This article describes a case of Kearns-Sayre syndrome without a family history of KSS or other mitochondrial disorders in which inherited thrombophilia was detected, complicated with pulmonary embolism and deep venous thrombosis, leading to the patient's death. The patient was assessed by a multidisciplinary team (neurologist, cardiologist, endocrinologist, neuro-ophthalmologist, and neuro-radiologist) to establish a clinical diagnosis of KSS.

2 Case presentation

A 48-year-old male patient presented to the emergency department with headache, dizziness, unstable gait, limb weakness, accentuation of eyelid ptosis, external ophthalmoplegia, and sinus tachycardia. The disease manifested in the patient at the age of 16, initially presenting with a small stature and symptoms related to the extraocular muscles. As the disease progressed, the patient experienced a gradual onset of additional clinical characteristics such as heart conduction issues, endocrine dysfunction, and a slight cognitive decline.

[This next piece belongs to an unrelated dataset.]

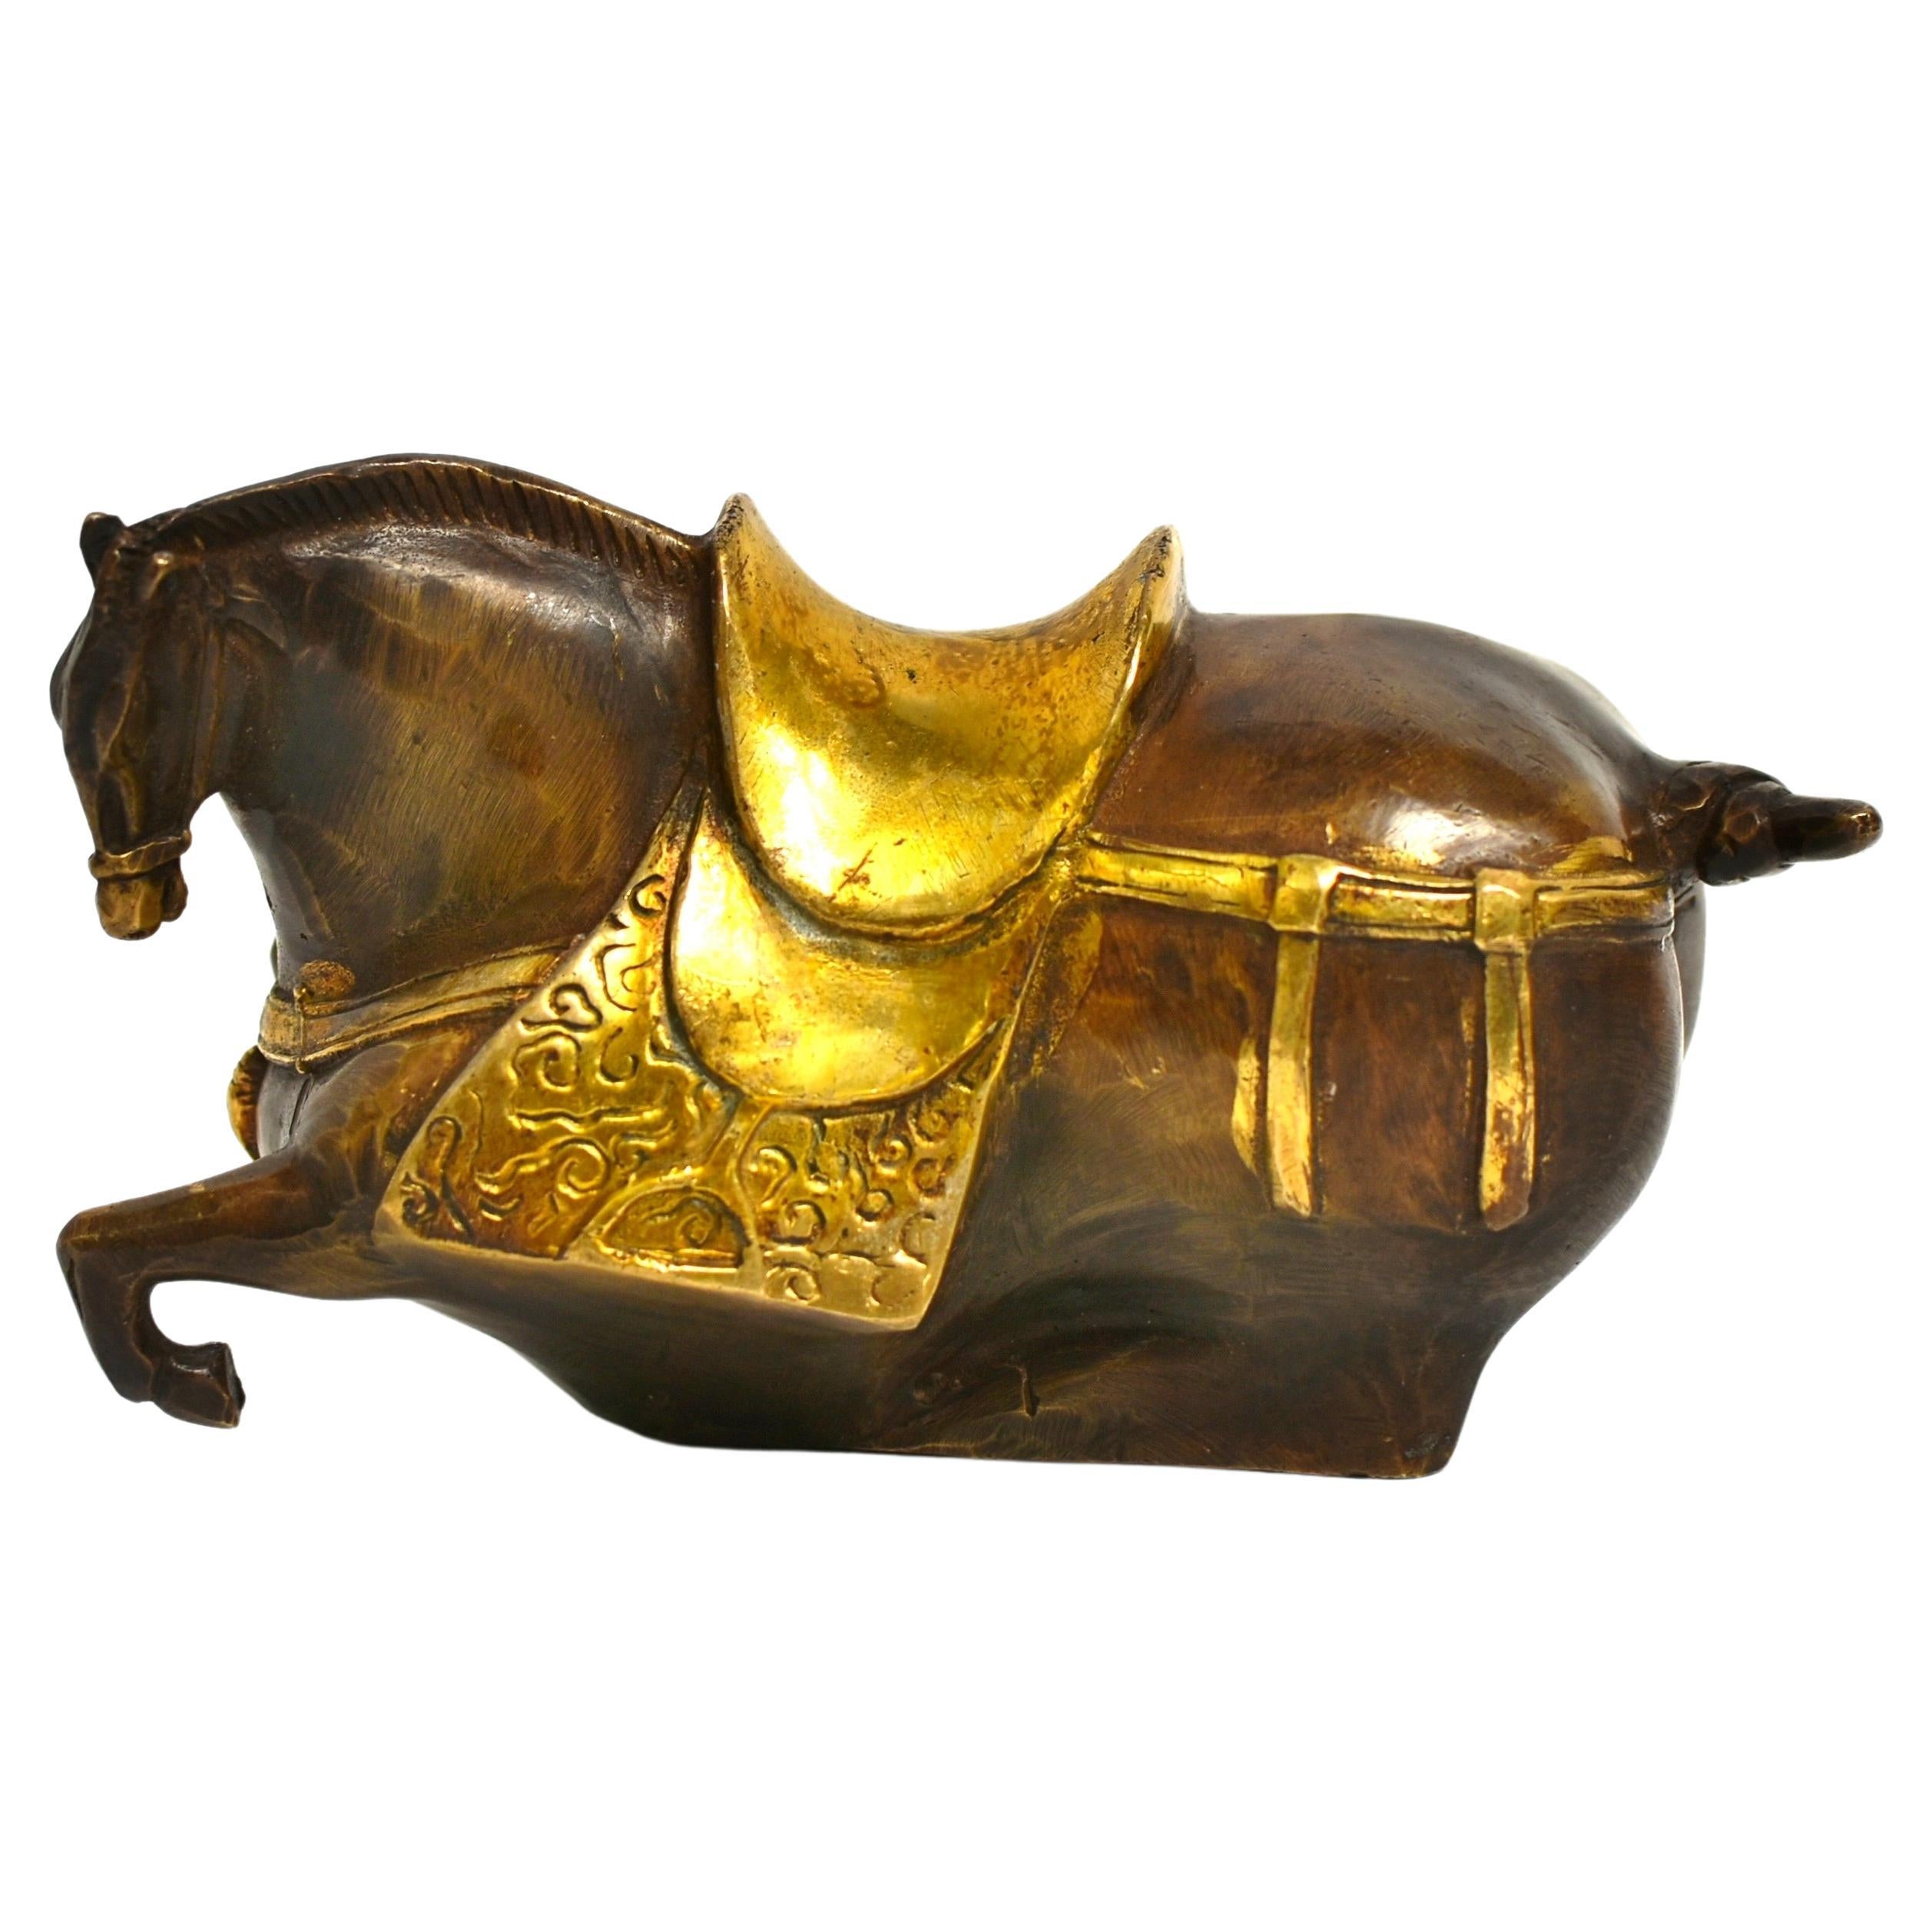 Bronze Recumbent Horse Han Style with Gilded Saddle For Sale

The diagnosis of KSS was supported by identifying relevant clinical characteristics that indicated an abnormality in the patient's ophthalmologic system: bilateral ptosis, diplopia, chronic progressive external ophthalmoplegia, and a moderate decrease in visual acuity (Figure 1A). Considering that the patient's ophthalmoplegia did not match a specific group of cranial nerve palsies (oculomotor nerve palsy, fourth nerve palsy, and sixth nerve palsy), the likelihood for myopathies was even higher. Paralysis of the vertical movements of the eyeballs was observed (Figure 1B). No retinitis pigmentosa was discovered during the fundus examination performed by the ophthalmologist, but retinal angiosclerosis has been described.

Figure 1

Figure 1. Clinical ophthalmologic symptoms. Bilateral ptosis (A) and external ophthalmoplegia with paralysis of vertical movements (B).

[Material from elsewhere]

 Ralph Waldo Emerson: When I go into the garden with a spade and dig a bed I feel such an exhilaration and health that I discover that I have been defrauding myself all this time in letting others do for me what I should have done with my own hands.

Following ophthalmologic observations, the neurological examination highlights mild generalized muscle weakness, cerebellar ataxia, cerebellar tremor, and a slight cognitive impairment (Mini-Mental State Examination score of 22 points).

The patient had endocrinological symptoms and signs that preceded the neurological manifestations, including short stature (154 cm) caused by growth hormone insufficiency, delayed puberty, primary hypogonadism, hypothyroidism, secondary hyperparathyroidism, gynecomastia, frontal baldness, and brachydactily. The patient had no children.

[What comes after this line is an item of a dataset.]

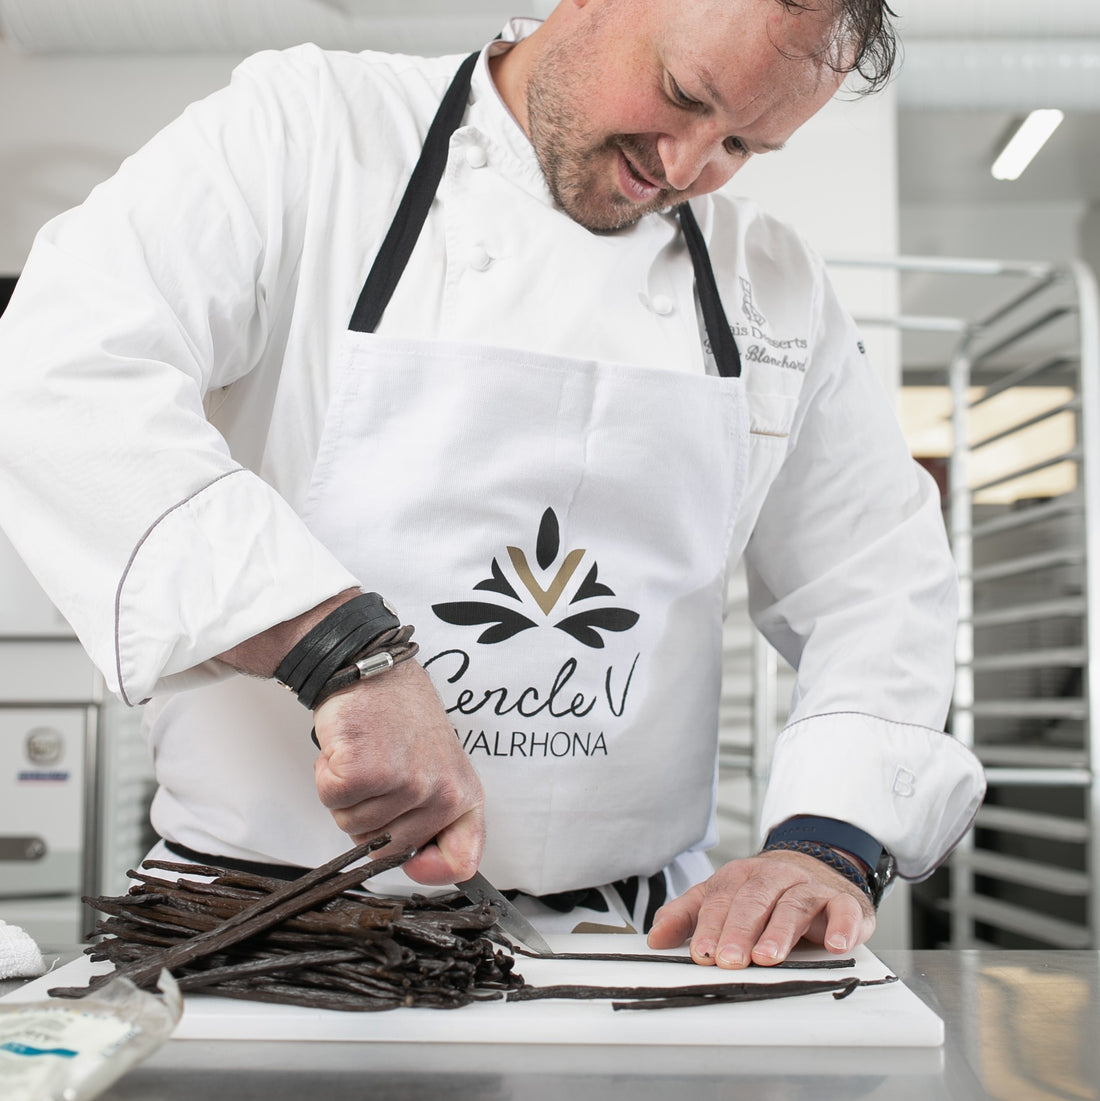 Chef Yann Blanchard using Norohy vanilla and Valrhona chocolate. Yann Haute Patisserie, French desserts and bakery shop in Calgary. Best pastries like macarons, cakes, birthday cakes, bread, ice cream and almond croissants!

Cardiac involvement is common in disorders characterized by mitochondrial dysfunction due to their impact on organs that rely heavily on energy (8). Following the confirmation of the diagnosis, the patient underwent a series of medical tests, including 12-lead surface electrocardiography (ECG), transthoracic echocardiography, and 24-h Holter monitoring. Conduction abnormalities were seen, including first-degree atrioventricular block (AVB), significant right bundle branch block (RBBB), and sinus tachycardia (Figure 2). The echocardiogram revealed mild anterior mitral valve prolapses (MVP) and type I diastolic and systolic LV dysfunction (LVEF = 40%).

Figure 2

Figure 2. ECG–first-degree atrioventricular block, major right bundle branch block, and sinus tachycardia.

Given the presence of many clinical features suggesting KSS in this patient, we conducted a comprehensive analysis of biochemical and genetic tests related to cardiovascular risk factors. The lab testing demonstrated WBC of 12,460/μl (NV 4,000–9,500/μl), hemoglobin of 17.9 g/dl (NV 13.6–17.2 g/dl), hematocrit of 53.6% (NV 39–51%), blood glucose of 101 mg/dl (NV 74–106 mg/dl), aspartate aminotransferase of 58 U/L (NV 15–37 U/L), alanine aminotransferase of 71 U/L (NV 30–65 U/L), lactic dehydrogenase of 356 U/L (NV 85–227 U/L), creatinine kinase of 308 U/L (NV 39–308 U/L), and creatinine kinase-MB of 42 U/L (NV 7–25 U/L). The serum ionogram revealed ionic calcium of 3.95 mg/dl (NV 4.2–5.2 mg/dl), magnesium of 2.2 mg/dl (NV 1.8–2.4 mg/dl), potassium of 5.5 mmol/L (NV 3.5–5.1 mmol/L), and sodium of 149 mmol/L (NV 136–145 mmol/L).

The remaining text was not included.